Analytics Flashcards
What is AWS Glue?
A serverless ETL service for discovering, preparing, and combining data for analytics, machine learning, and application development.
What are the key components of AWS Glue?
Data Catalog, Crawler, ETL Engine, Studio, Data Quality, DataBrew, Workflows
What is the purpose of the Glue Data Catalog?
Stores table definitions and schemas for data located in various sources like S3, RDS, and DynamoDB.
What does a Glue Crawler do?
Scans data stores to infer schemas and create table definitions in the Data Catalog.
What programming languages are supported for Glue ETL jobs?
Scala and Python
What is a DynamicFrame in AWS Glue?
A collection of DynamicRecords with a schema, similar to a Spark DataFrame but with additional ETL capabilities.
What are some common transformations in Glue ETL?
DropFields, DropNullFields, Filter, Join, Map, FindMatches ML, format conversions
How can you modify the Data Catalog using Glue ETL scripts?
By using options like enableUpdateCatalog
, partitionKeys
, and updateBehavior
to add partitions, update schemas, or create new tables.
What are AWS Glue Development Endpoints?
Notebook-based environments for developing and testing Glue ETL scripts.
What are Glue Job Bookmarks used for?
Persisting state from a job run to prevent reprocessing of old data and ensure incremental processing.

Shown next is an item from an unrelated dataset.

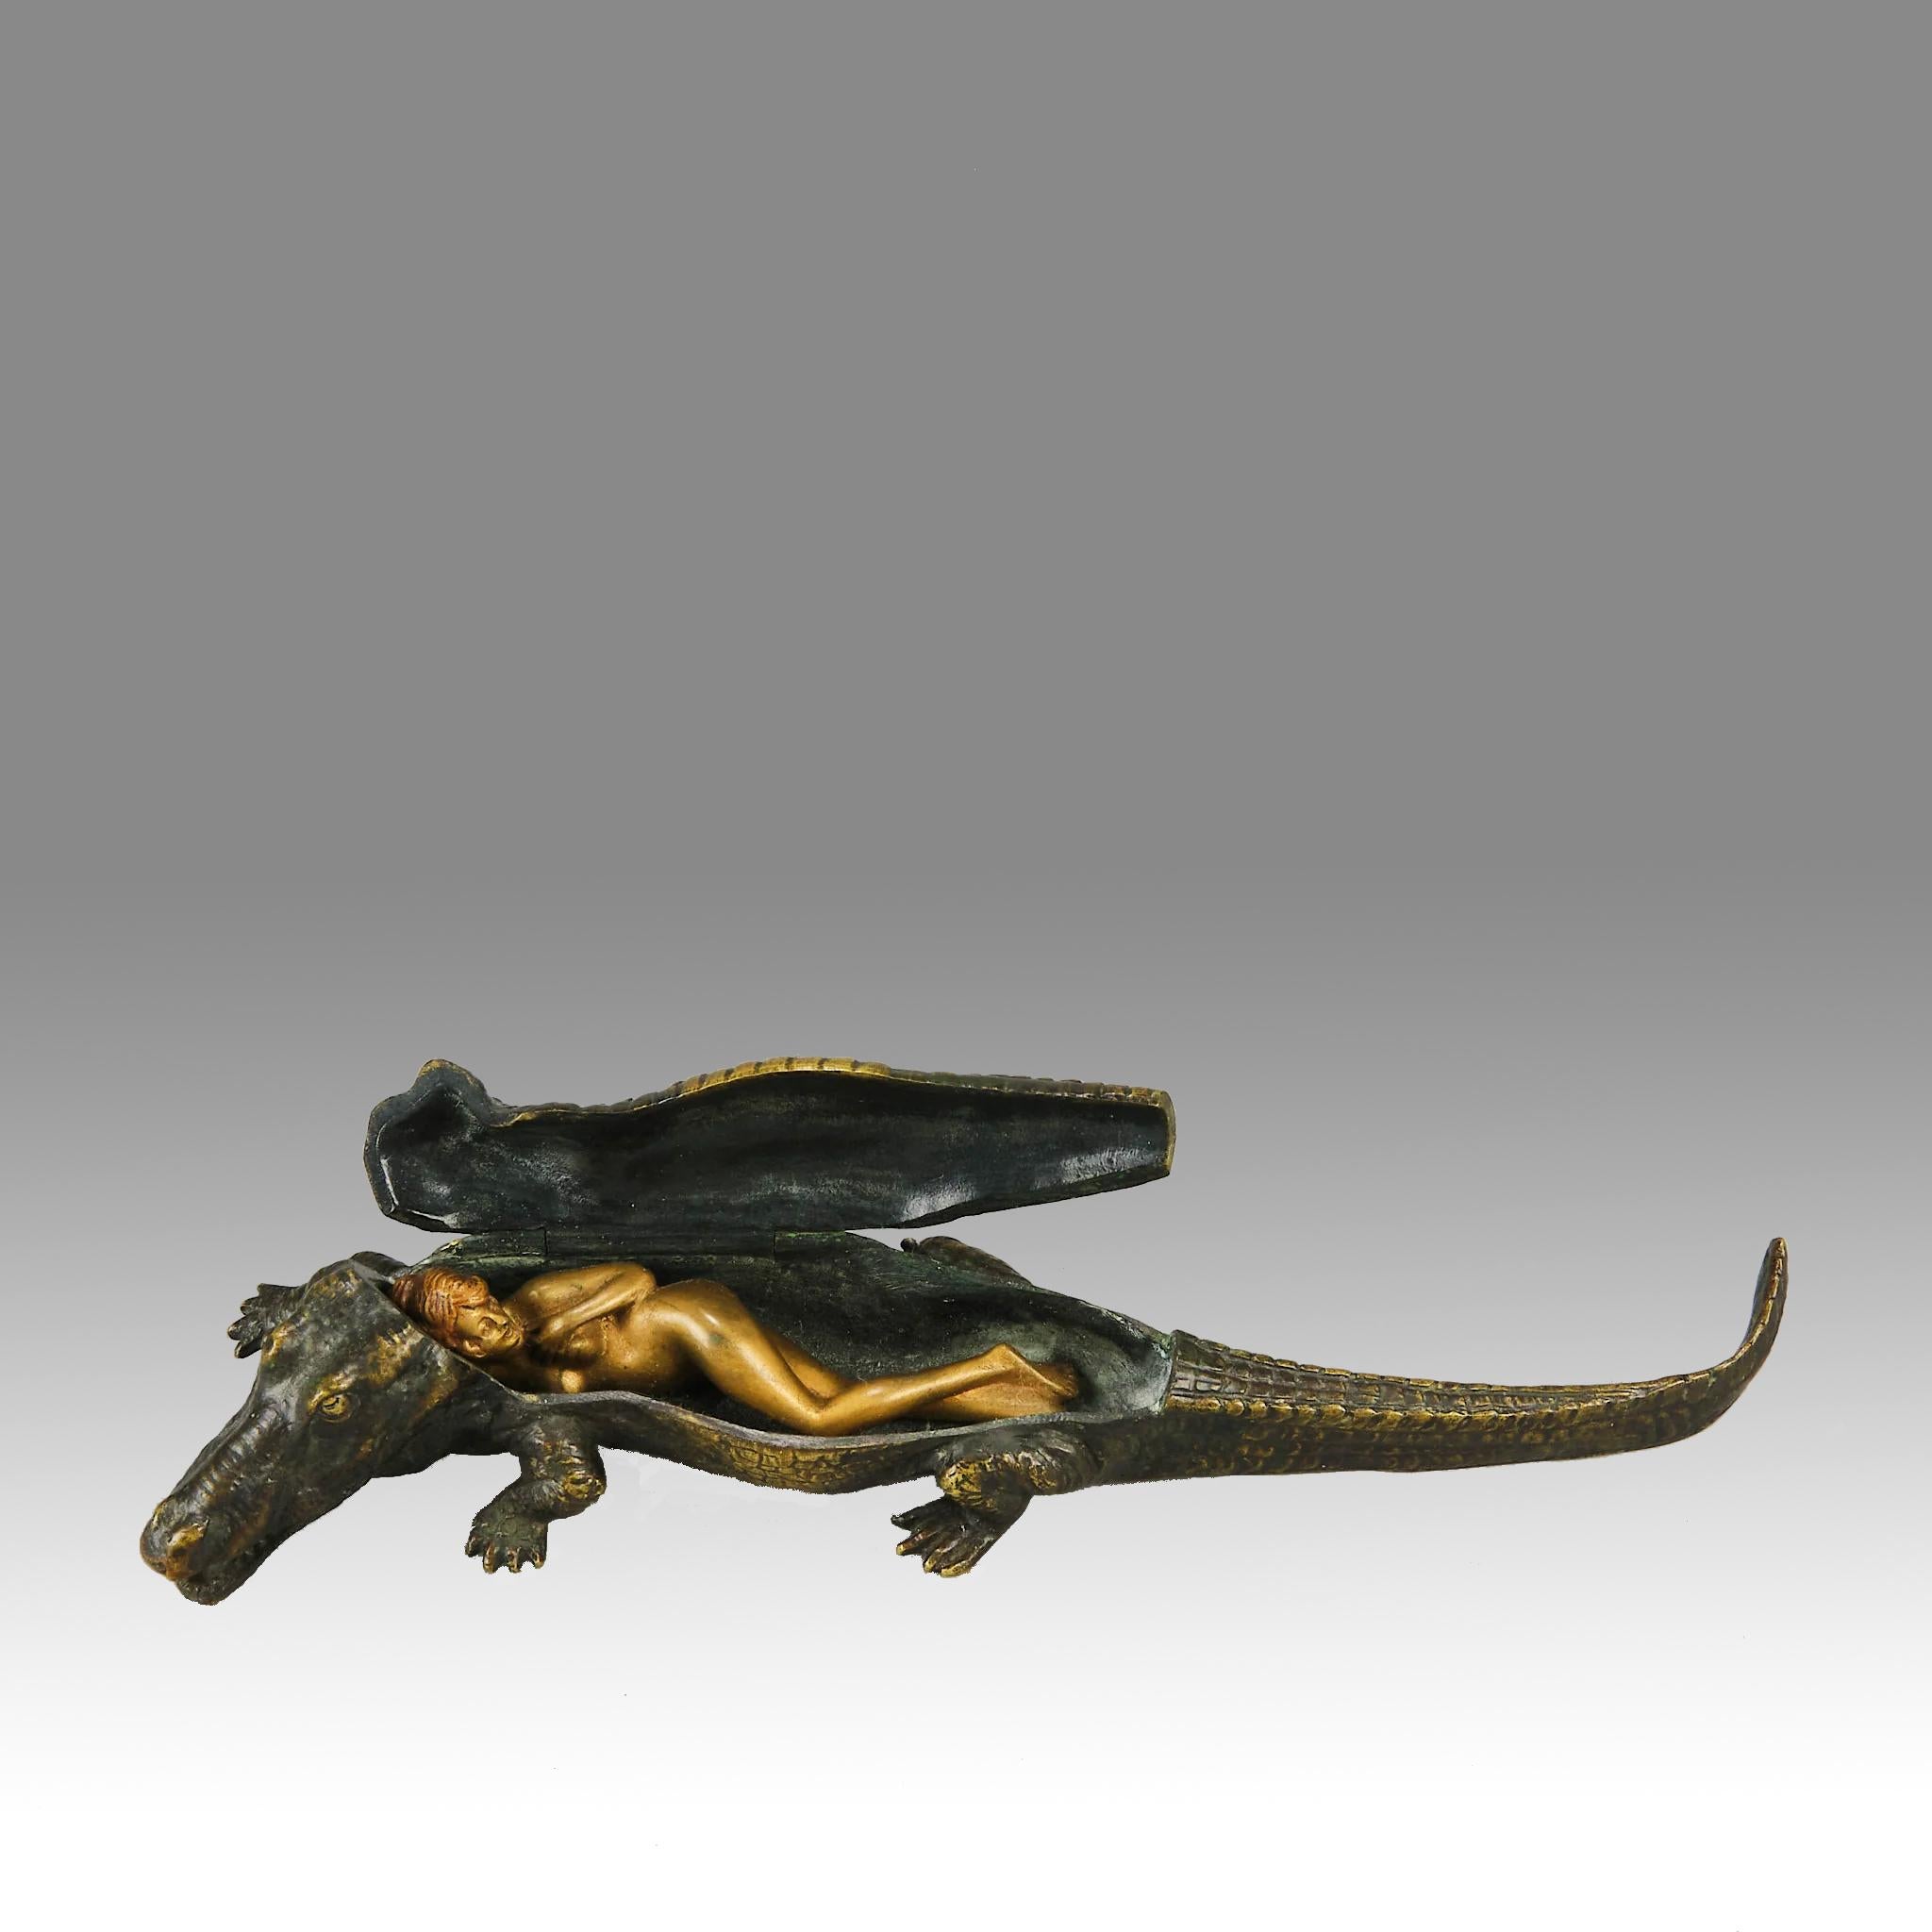 Intéressante étude érotique en bronze autrichien du début du 20e siècle représentant un crocodile marchant. Le dos du crocodile est articulé pour révéler une beauté nue en bronze doré allongée à l'intérieur du reptile, avec des détails et des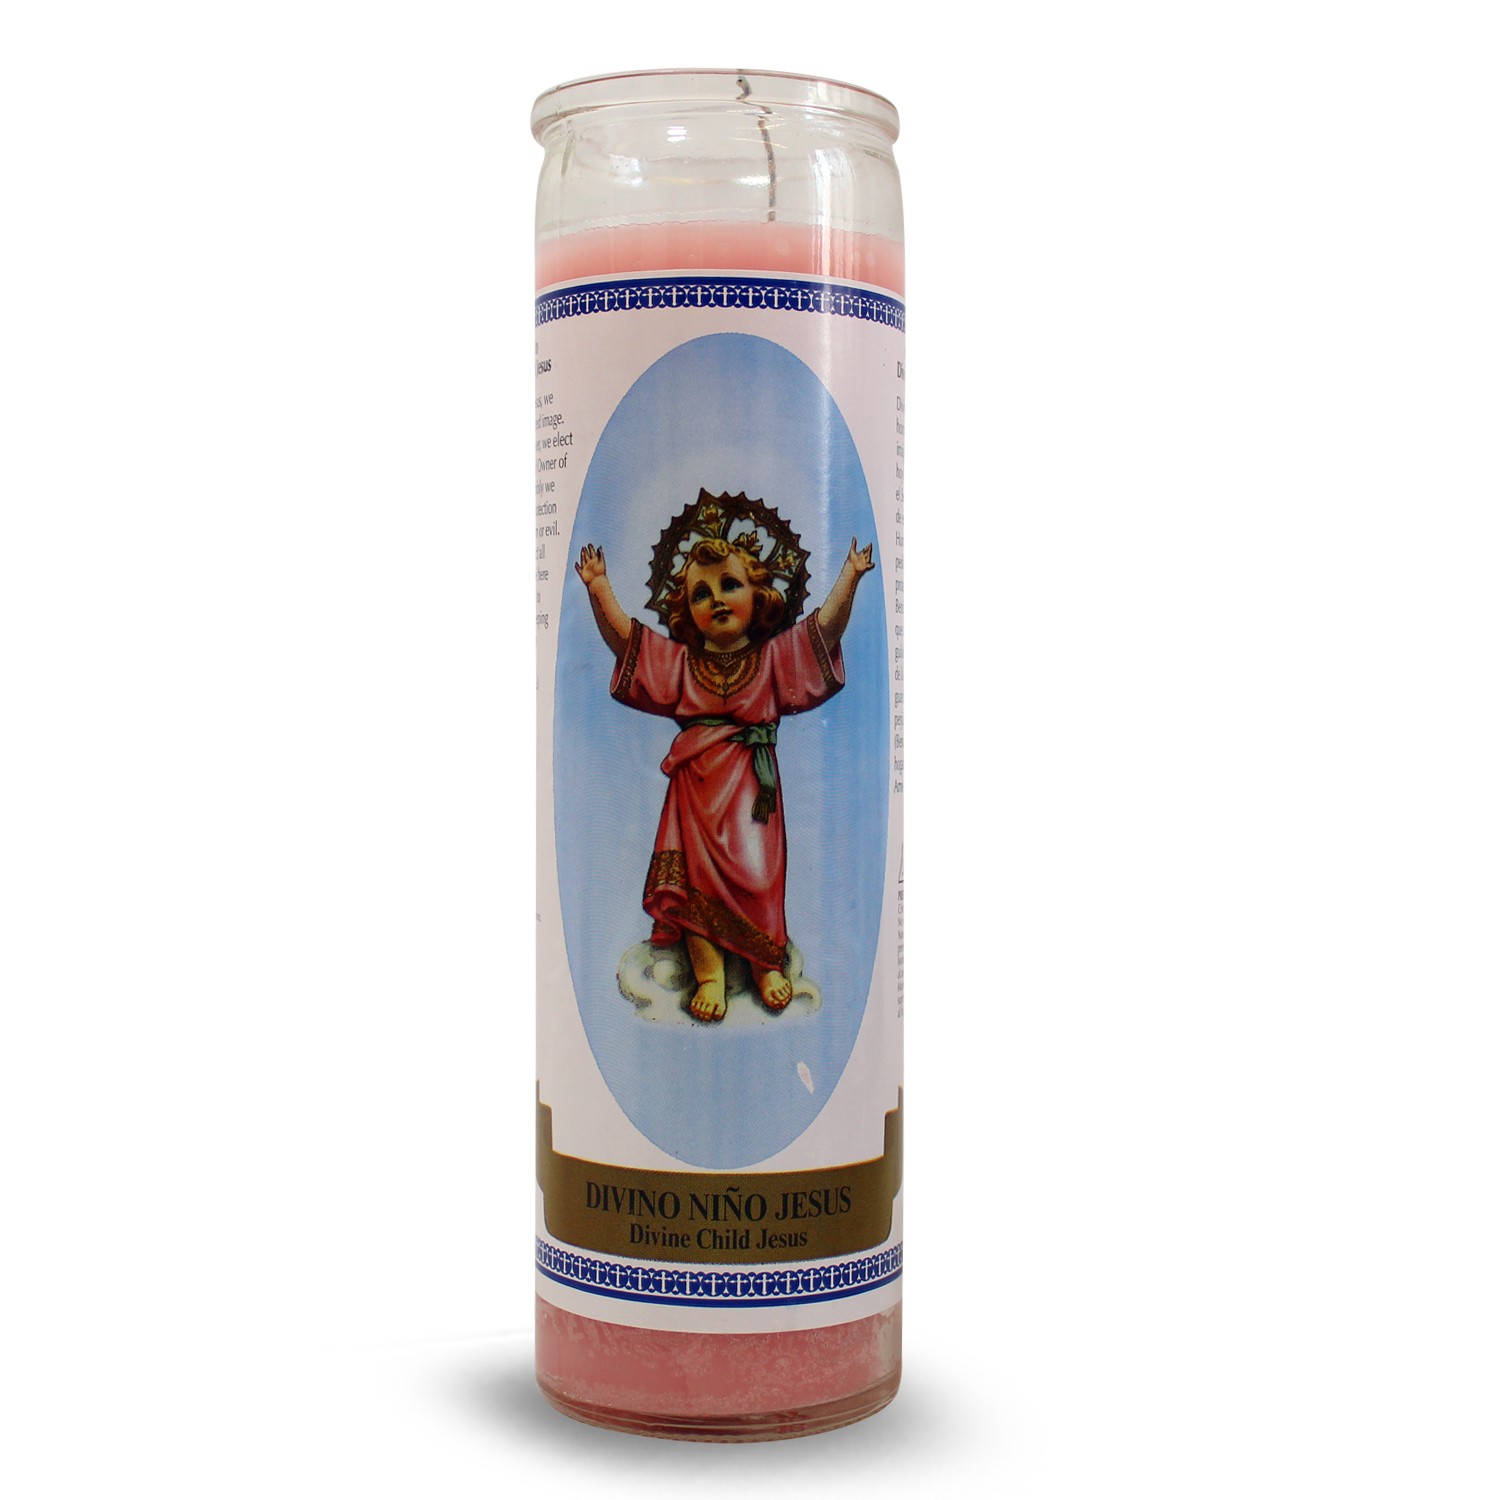 Bedruckte Kerze G-ttliches Kind Jesu unter Home & Living - Kerzen - Affirmation Kerzen

How are AWS Glue costs calculated?
Primarily billed by the second for crawler and ETL jobs, with additional charges for Data Catalog storage beyond the free tier and for development endpoints.
What is AWS Glue Studio?
A visual interface for creating and managing ETL workflows without writing code.
What is the purpose of AWS Glue Data Quality?
To define and enforce data quality rules within Glue jobs using DQDL.
What is AWS Glue DataBrew?
A visual data preparation tool with over 250 pre-built transformations for cleaning and normalizing data.
What is AWS Lake Formation?
A service that simplifies the setup and management of secure data lakes.
What are Governed Tables in AWS Lake Formation?
A new type of S3 table that supports ACID transactions and fine-grained access control.
What is Amazon Athena?
A serverless interactive query service that allows you to analyze data in S3 using standard SQL.
What data formats are supported by Athena?
CSV, TSV, JSON, ORC, Parquet, Avro, and various compression formats.
How is Amazon Athena priced?
Pay-as-you-go, based on the amount of data scanned by queries.
What are Athena Workgroups?
A way to organize users, teams, and workloads in Athena, allowing for cost tracking and query access control.
How can you optimize Athena query performance?
Use columnar data formats, partition data effectively, and minimize the number of small files.
What is the CREATE TABLE AS SELECT
(CTAS) statement used for in Athena?
Creating a new table from the results of a query, including data format conversion.
What is Apache Spark?
A distributed processing framework for big data processing, known for its in-memory caching and optimized query execution.
What are the core components of Apache Spark?
Spark Core, Spark SQL, Spark Streaming, MLLib, GraphX
What is Spark Structured Streaming?
A scalable and fault-tolerant stream processing engine built on the Spark SQL engine.
What is Amazon EMR?
A managed Hadoop framework on EC2 that allows you to run big data frameworks like Spark, Hive, Presto, and Flink.
What are the different node types in an EMR cluster?
Master node, Core node, Task node
What is EMRFS?
A file system that allows you to access data in S3 as if it were HDFS.
What is EMR Managed Scaling?
A feature that automatically scales EMR clusters based on workload demands.
What is EMR Serverless?
A way to run Spark, Hive, and Presto applications on EMR without managing clusters.
What is Amazon Kinesis Data Streams?
A service for real-time data streaming with high throughput and low latency.
What are the two capacity modes for Kinesis Data Streams?
Provisioned mode and On-demand mode
What is the Kinesis Producer Library (KPL)?
A library for building high-performance producers that send data to Kinesis Data Streams.
What is Kinesis Enhanced Fan-Out?
A feature that allows multiple consumers to each get dedicated throughput from a Kinesis stream.
What is AWS Kinesis Data Firehose?
A fully managed service for loading streaming data into data stores like S3, Redshift, and OpenSearch.
What is Amazon Kinesis Data Analytics?
A service for analyzing streaming data in real-time using SQL or Apache Flink.
What are Reference Tables in Kinesis Data Analytics?
A way to join streaming data with static data stored in S3 for enrichment and lookups.
What is the Managed Service for Apache Flink?
A serverless service that allows you to run Python and Scala Flink applications for stream processing.
What is the RANDOM_CUT_FOREST
function used for in Kinesis Data Analytics?
Anomaly detection on numeric data within a streaming data set.